Another vein of research points to a positive association between oxytocin and social interaction, which at first seems to be at odds with the current findings. These studies focus on positive interactions with romantic partners or with family members, such as during parent-infant bonding25,81 and romantic relationships20,31,82 However, interactions with non-close others seem to be less effective in activating oxytocin release. For example, a study conducted with chimpanzees found that oxytocin elevation was specific to grooming kin or potential mating partners while no increase in oxytocin was found for grooming chimpanzees that did not have a strong social bond83. Among humans, Feldman et al.25 demonstrated increase in both salivary and plasma oxytocin only among mothers displaying high levels of affectionate contact during mother-infant interaction. Thus, it appears that there is a U-shaped relationship between oxytocin secretion, stress, and social bonding. The interaction with PARO appears to have reduced the stress level of participants, leading to a reduction in salivary oxytocin levels, compared to controls, who did not meet PARO, and their salivary oxytocin levels remained constant.

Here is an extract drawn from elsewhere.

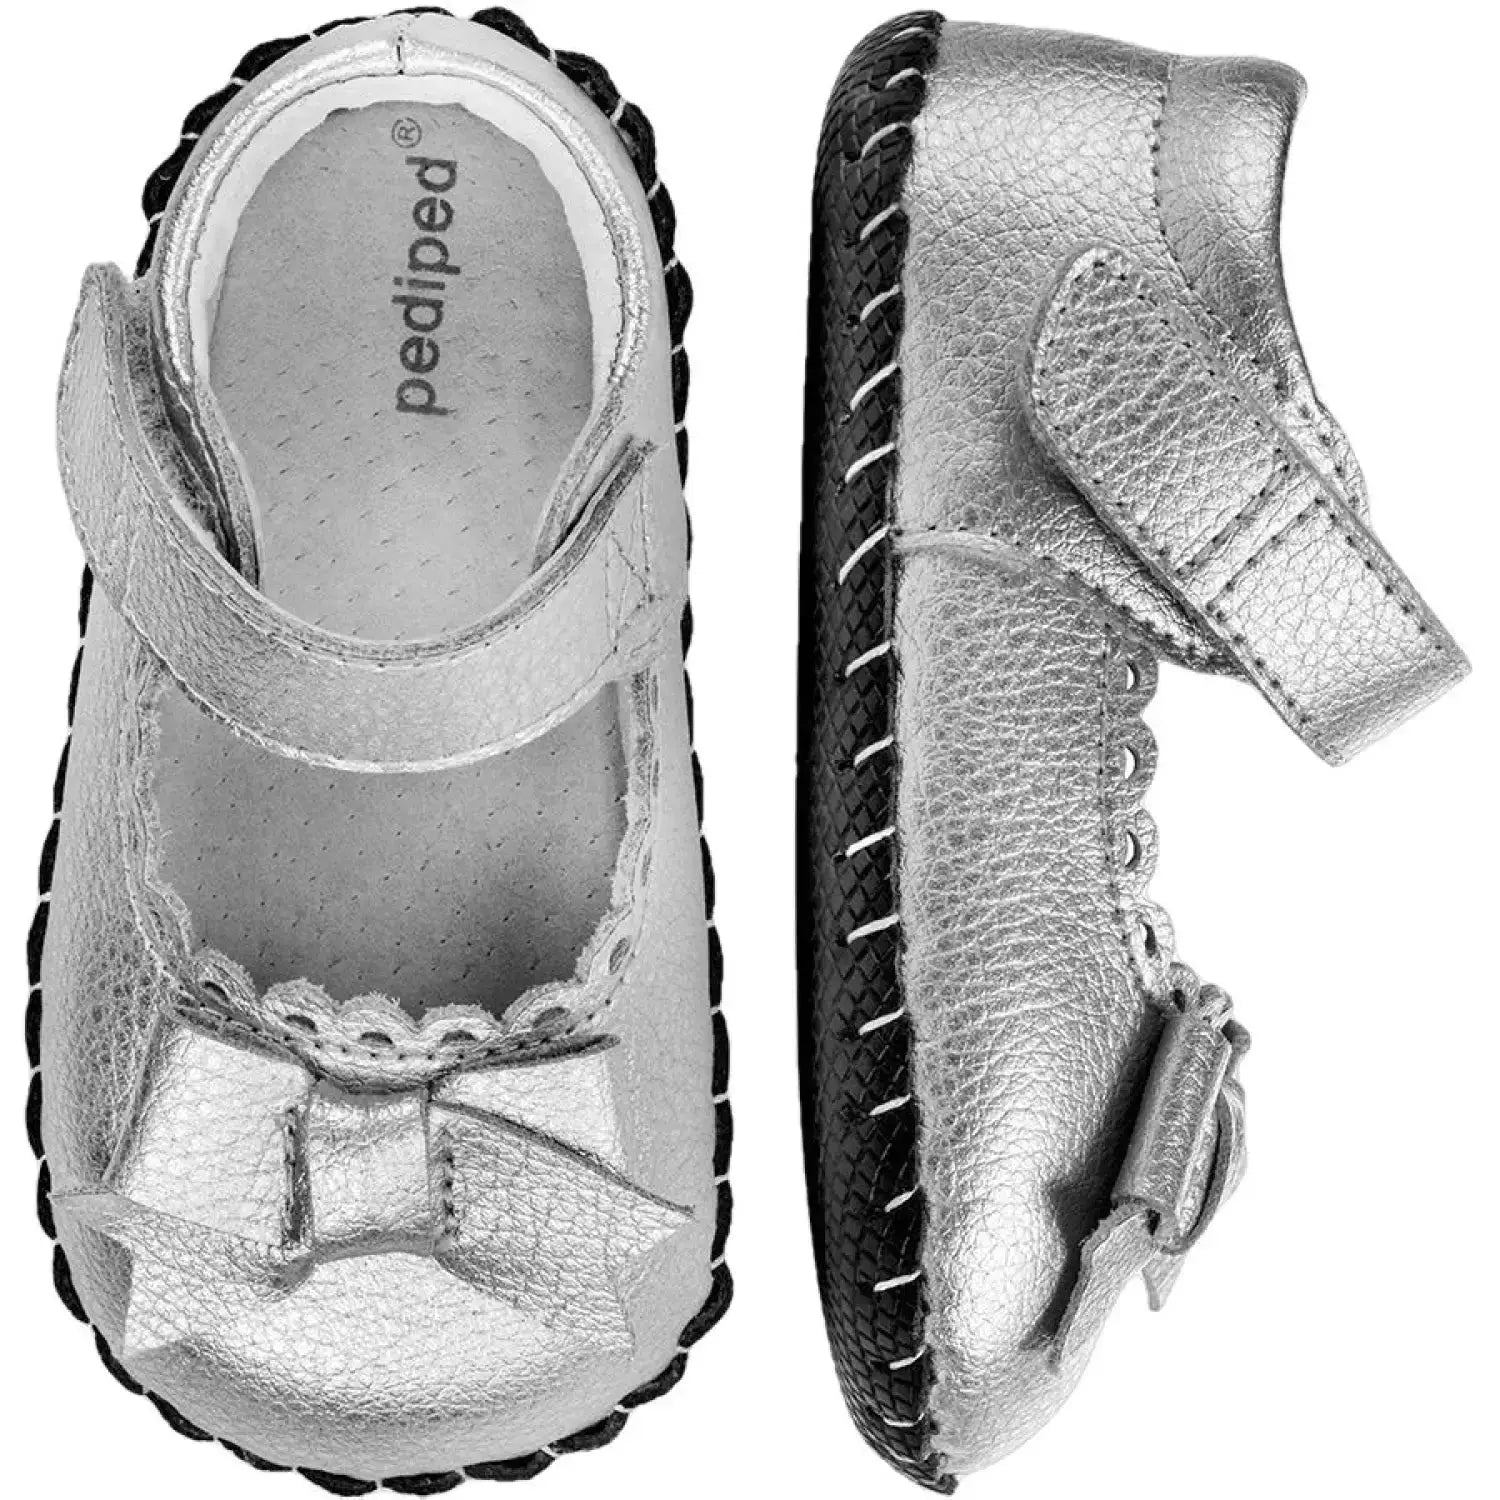 Pediped Originals® Betty Silver color, top view and side view shown.  Silver upper with bow on top, and black sole.

Indeed, several studies show that the effect of oxytocin on behavior is context-dependent and may induce, at the same time, bonding and trust toward in-group members, while increasing aggression and mistrust toward out-group members;84,85,86,87,88,89,90,91,92 for a review see93. For example, administration of nasal oxytocin enhanced cautious behavior and feeling of mistrust during a social dilemma88 as well as promoted aggressive behavior during a social game89.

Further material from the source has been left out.